Define \(\delta^V=r_t+\gamma V(s_{t+1})-V(s)\) as the TD residual of \(V\) with discount \(\gamma\). Next, let us consider taking the sum of \(k\) of these \(\delta\) terms, which we will denote by \(\hat{A}_{\pi}^{(k)}\).

(8)#\[\begin{split}\begin{array}{ll} \hat{A}_{\pi}^{(1)}:=\delta_t^V =-V(s_t)+r_t+\gamma V(s_{t+1}) \\ \hat{A}_{\pi}^{(2)}:=\delta_t^V+\gamma \delta_{t+1}^V =-V(s_t)+r_t+\gamma r_{t+1}+\gamma^2 V(s_{t+2}) \\ \hat{A}_{\pi}^{(3)}:=\delta_t^V+\gamma \delta_{t+1}^V+\gamma^2 \delta_{t+2}^V =-V(s_t)+r_t+\gamma r_{t+1}+\gamma^2 r_{t+2}+\gamma^3 V(s_{t+3}) \\ \hat{A}_{\pi}^{(k)}:=\sum_{l=0}^{k-1} \gamma^l \delta_{t+l}^V =-V(s_t)+r_t+\gamma r_{t+1}+\cdots+\gamma^{k-1} r_{t+k-1}+\gamma^k V(s_{t+k}) \end{array}\end{split}\]

We can consider \(\hat{A}_{\pi}^{(k)}\) to be an estimator of the advantage function.

Hint

The bias generally becomes smaller as \(k arrow +\infty\), since the term \(\gamma^k V(s_{t+k})\) becomes more heavily discounted.
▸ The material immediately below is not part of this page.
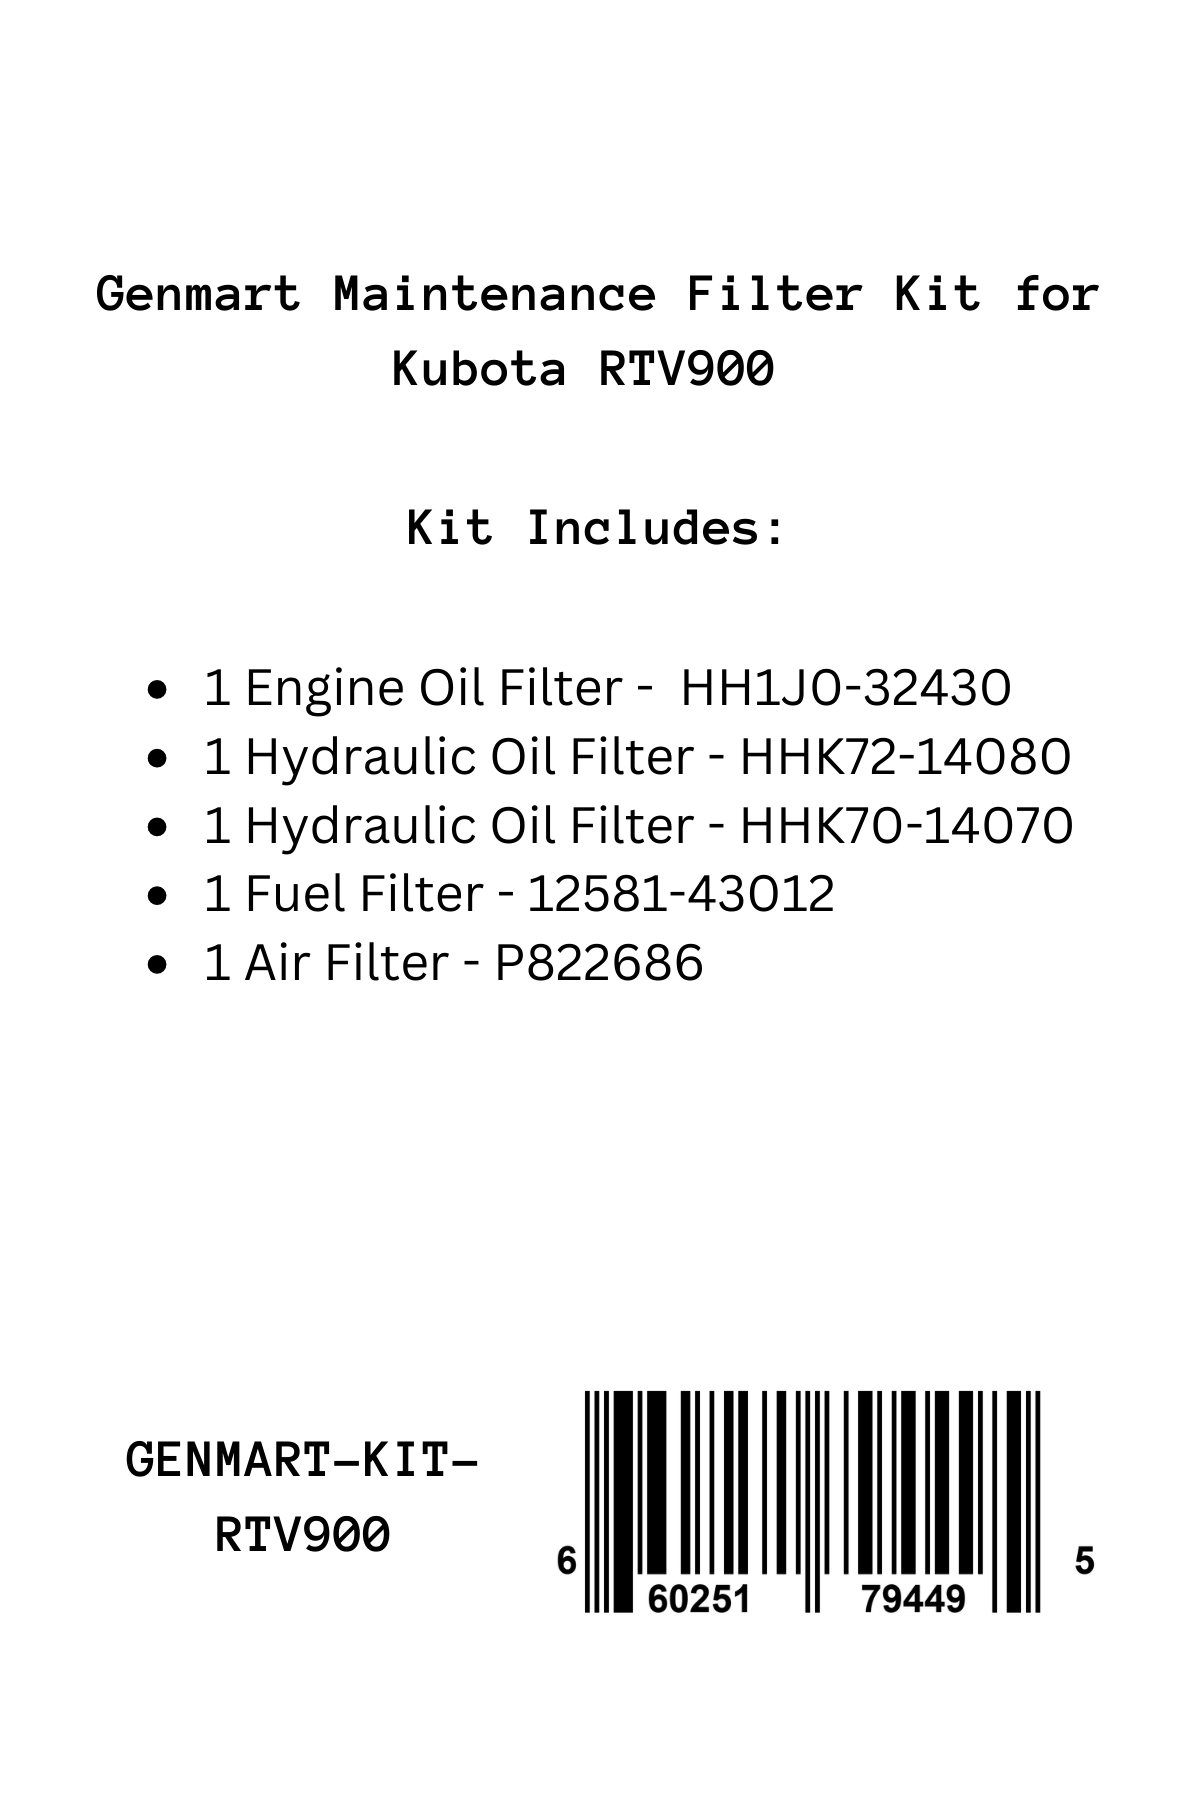 Genmart Maintenance Kit for Kubota RTV900

Taking \(k \rightarrow +\infty\), we get:

(9)#\[\hat{A}_{\pi}^{(\infty)}=\sum_{l=0}^{\infty} \gamma^l \delta_{t+l}^V=-V(s_t)+\sum_{l=0}^{\infty} \gamma^l r_{t+l}\]

which is simply the empirical returns minus the value function baseline.

The generalized advantage estimator \(\text{GAE}(\gamma,\lambda)\) is defined as the exponentially-weighted average of these \(k\)-step estimators:

(10)#\[\begin{split}\hat{A}_{\pi}:&= (1-\lambda)(\hat{A}_{\pi}^{(1)}+\lambda \hat{A}_{\pi}^{(2)}+\lambda^2 \hat{A}_{\pi}^{(3)}+\ldots) \\ &= (1-\lambda)(\delta_t^V+\lambda(\delta_t^V+\gamma \delta_{t+1}^V)+\lambda^2(\delta_t^V+\gamma \delta_{t+1}^V+\gamma^2 \delta_{t+2}^V)+\ldots) \\ &= (1-\lambda)(\delta_t^V(1+\lambda+\lambda^2+\ldots)+\gamma \delta_{t+1}^V(\lambda+\lambda^2+\lambda^3+\ldots) .+\gamma^2 \delta_{t+2}^V(\lambda^2+\lambda^3+\lambda^4+\ldots)+\ldots) \\ &= (1-\lambda)(\delta_t^V(\frac{1}{1-\lambda})+\gamma \delta_{t+1}^V(\frac{\lambda}{1-\lambda})+\gamma^2 \delta_{t+2}^V(\frac{\lambda^2}{1-\lambda})+\ldots) \\ &= \sum_{l=0}^{\infty}(\gamma \lambda)^l \delta_{t+l}^V\end{split}\]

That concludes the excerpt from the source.